HBO’s Girls

Sometimes, you watch a show and it works. Its promising, you like the characters and you think, this is the next Six Feet Under, or the next West Wing. bad comparisons, those are drams, the closest thing i an compare Girls to is SATC and yet, this is a show completely unlike SATC’s glamorous New York lifestyle. If anything, this is anti-Image

SATC. What happens, when you get 4 millennial early 20’s girls who are trying to make it in the big apple and are not on a network like ABC or CBS where you need to have silly sitcoms… you end up then… with Girls.

There is far too much written about this show in the media and I probably don’t need to urge you to check it out. You know its good, im just going to tell you why I think it probably pushes the envelope too much too soon and then in the attempt to up the ante, loses the something that was making this show great… the something called… ‘real’

In the beginning, there is a lot to like. There is a lot of emphases on trying to make the stories feel connectable. With little to no fakery, the struggles that these 4 New York girls are going through are the struggles you and I would go through every day. Issues of trying to make rent, the troubles with losing a boyfriend, the trouble of trying to connect with friends whom you think are weird. The issues of dealing with what to do when your parents basically tell you, you have made a mistake with your life. When you have to take a break and decide if you really know what you are doing with your life and when small problems suddenly become the biggest thing ever. (And this is the good stuff!)

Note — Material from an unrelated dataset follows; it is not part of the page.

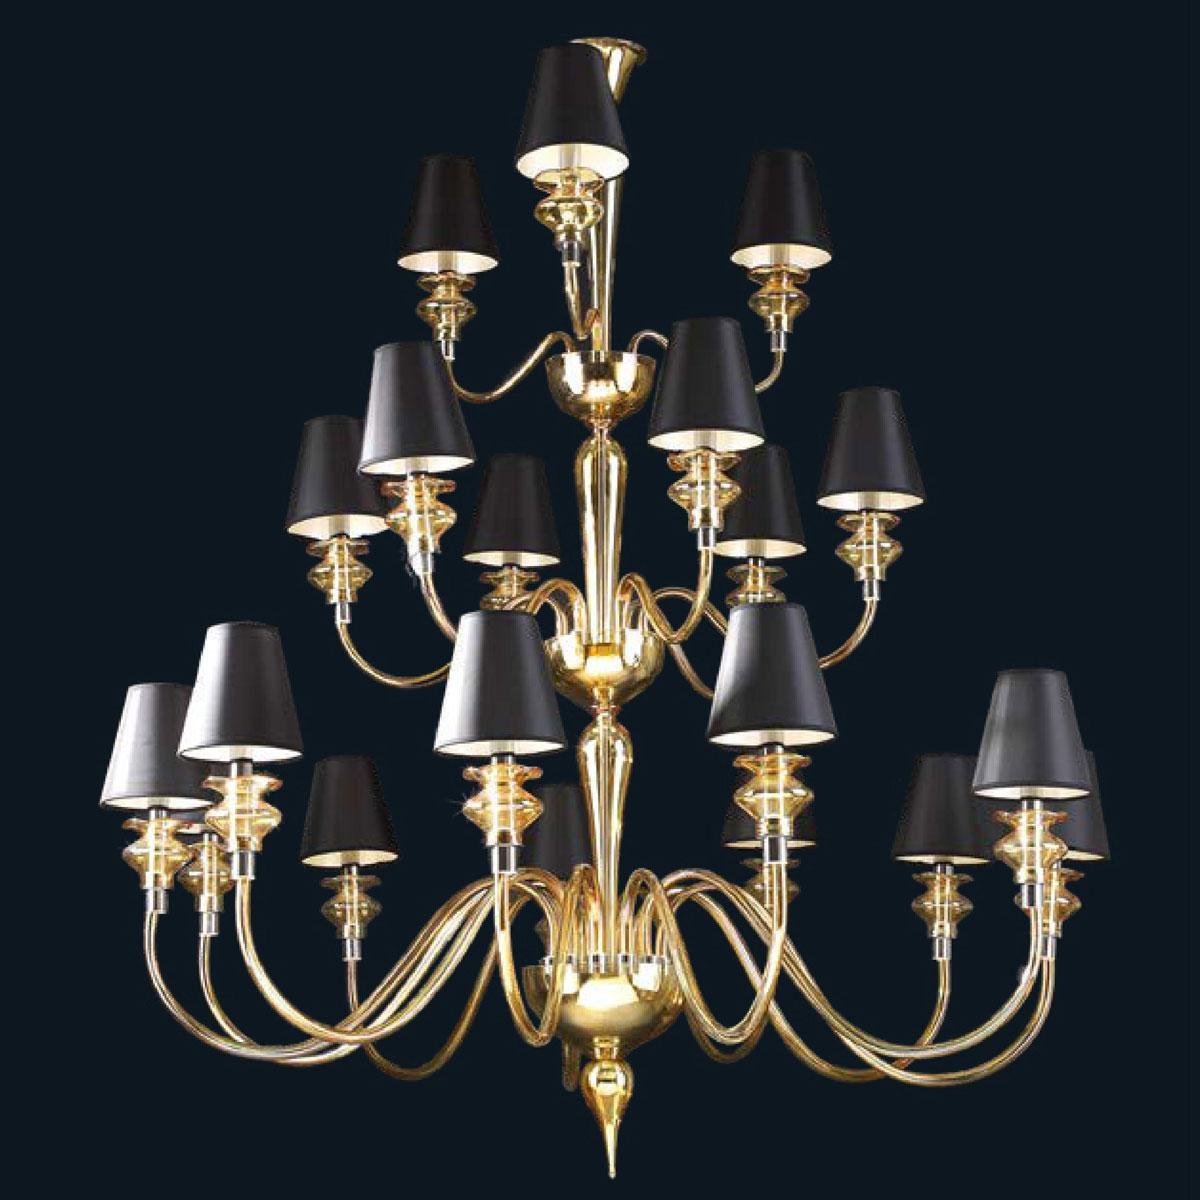 """Cadi"" lustre en cristal de Murano avec abat-jour - 12+6+3 lumières - ambre"

Set in New York, you get the feeling that this really could not happen anywhere else, not in any other city. Their lives are weird, the kind of stuff they are going through makes me wonder sometimes if there are liberties taken in storytelling or if this is a life people can live. You want to believe that they are real, for a while it seems possible. You want to believe that unlike Carrie Bradshaw’s column writing from SATC, where for some reason her stories are successful, in Girls, Hannah struggles to even get a day time job.

Hannah (who also happens to be the creator of the show – Lena Dunham) is a writer collecting stories, she writes essays and wants to sell a book, has worked for a year as an intern, but when she asks for paid work, is fired. That her boss tells her she can’t sell her book to him, and that this is not something he is really interested in, because she will not be around any more. The story of how the journal Hannah writes falls into the hand of her roommate’s boyfriend, and that is how he learns that she doesn’t really love him. There are far too many awkward, funny, sometimes sad stories. These are people in dysfunctional relationships and they don’t seem to get it, or even when they do… they need to be reminded about how bad things were before they ‘get over’ it.

But while initially the show does surprise because the characters seem like they could be real people… soon, the masks fall. The lead, Hannah, is not thin, is not attractive, she is like what Rose O’Donnell would be like. She is whiny and she is struggling, the other characters are all great too, but each has elements of fakery that, as the series goes on… become unbearable. Soshanna’s stories keep getting more impossible, the story of Hannah’s boyfriend makes no sense. Jessa’s romantic antics and mystery end up becoming a painful caricature of hollywood’s spoiled child, and Marnie’s pining for her boy friend reminds me that I need to do my laundry tomorrow, or maybe take a vacation… my point is, the stories are not very captivating. And the reason, the mad need to up the ante. It’s fun to watch, but you have to wonder if the ‘real’-ness could have somehow been salvaged. Maybe im just being too demanding. But, according to me, the magic of the first few episodes was lost as things went on and the craziness of each person’s life kept getting compounded.

Now, critically the show has been praised for showing real problems that women face – but I disagree, this is Hollywood through and through. And so I am conflicted… would it have been better to have stopped watching after episode 5? We will never know.